FDI pledged hits record, but less actually arrives
The amount of investment pledged to Korea has seen a steady rise for the past few years, except for a brief dip in 2013 when the figure fell below $15 billion. It then quickly recovered, topping $20 billion in 2015 and rising 1.9 percent the following year, according to a report by the Ministry of Trade, Industry and Energy.
Manufacturing investment kept up its solid pace of growth, expanding 12.4 percent to $5.13 billion. But it was the service industry that led the charts last year.
Capitalizing on a growth trend since 2011, investment pledged from abroad for the service industry last year stood at $15.51 billion, up 5.3 percent from 2015. The ministry reported that business services, especially, enjoyed lucrative promised investment, rising from $2.02 billion in 2015 to $3.71 billion last year.
By type, greenfield investment took up the largest portion of the pie, with $15.02 billion pledged by foreign companies looking to build their businesses in Korea from the ground up. “Investments intended to utilize Korea’s free trade agreement platform with other countries and to establish a global manufacturing hub have gone up,” the ministry said in its report.
But such expansive growth in promised investment might end up being fool’s gold. While over $21 billion was pledged in 2016, only $9.76 billion actually made its way to Korea, down $6.74 billion from 2015.
Out of $6.27 billion promised for merger and acquisition deals, only $3.29 billion entered Korea, $5.54 billion less than in 2015. The amount of pledged investment for M&As also was 7.8 percent lower than in 2015. Even green field investment arriving in Korea took a hit, sinking from $7.67 billion in 2015 to $6.47 billion in 2016.
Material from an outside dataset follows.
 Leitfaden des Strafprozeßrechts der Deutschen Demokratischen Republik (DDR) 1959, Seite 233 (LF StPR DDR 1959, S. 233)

“Regarding the decrease in foreign direct investment in M&As, it wasn’t a single factor that caused the fall,” a ministry official said. “The World Investment Report by the United Nations Conference on Trade and Development projected that cross-border M&As would fall in 2016 worldwide, and we believe this global trend also took its toll in the Korean market.”
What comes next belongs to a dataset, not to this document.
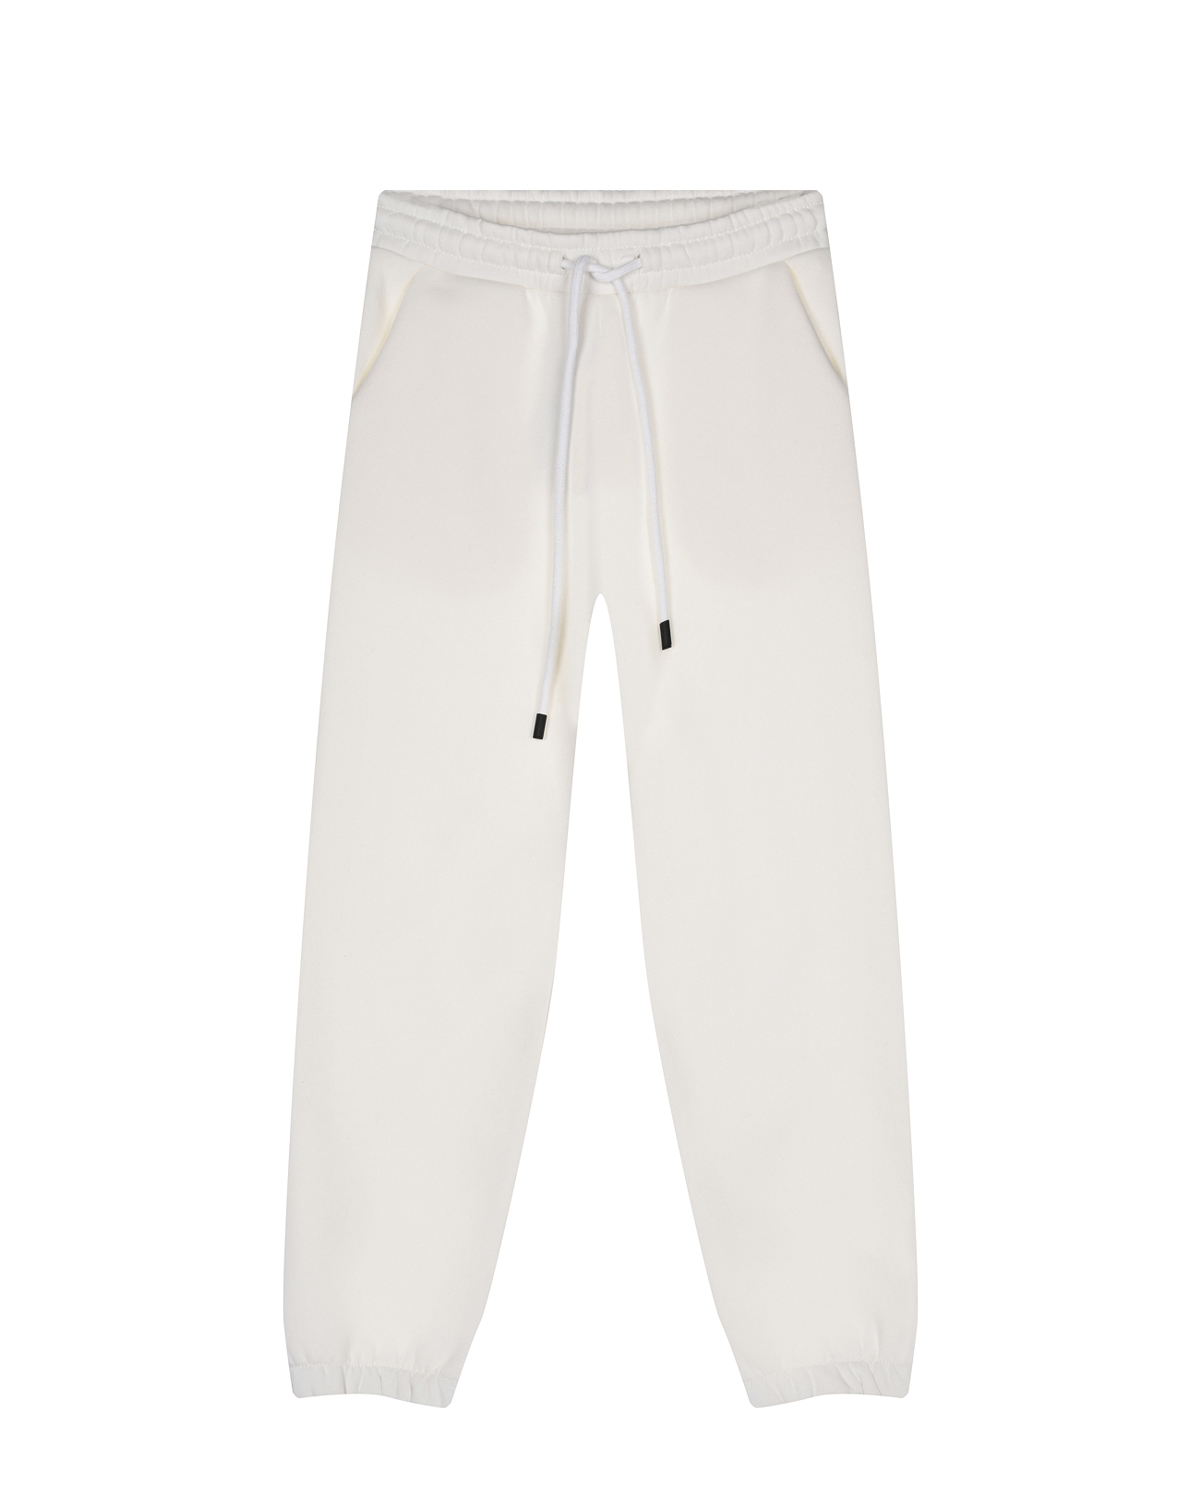 Спортивные брюки молочного цвета Dan Maralex детские, размер 116 - фото 1

The UN report said that “the expected decline of FDI flows in 2016 reflects the fragility of the global economy, persistent weakness of aggregate demand, effective policy measures to curb tax inversion deals and a slump in multinational enterprises profits.”
Still, the ministry assured that most of the promised investment would eventually make it onto Korean soil. “Foreign investors normally commit to long-term projects, which progress over one to three years,” said an official from the ministry’s investment policy division. “For instance, if a foreign company commits $100 billion for a project, it doesn’t pour in the entire amount instantaneously. Instead, the investment arrives in phases. This is why the figure fluctuates each year. What we need to watch for is the progression.”
The official added that foreign investors sometimes do back out of their commitments “due to their internal affairs or market conditions, but this has nothing to do with the arrived amount of foreign direct investment.”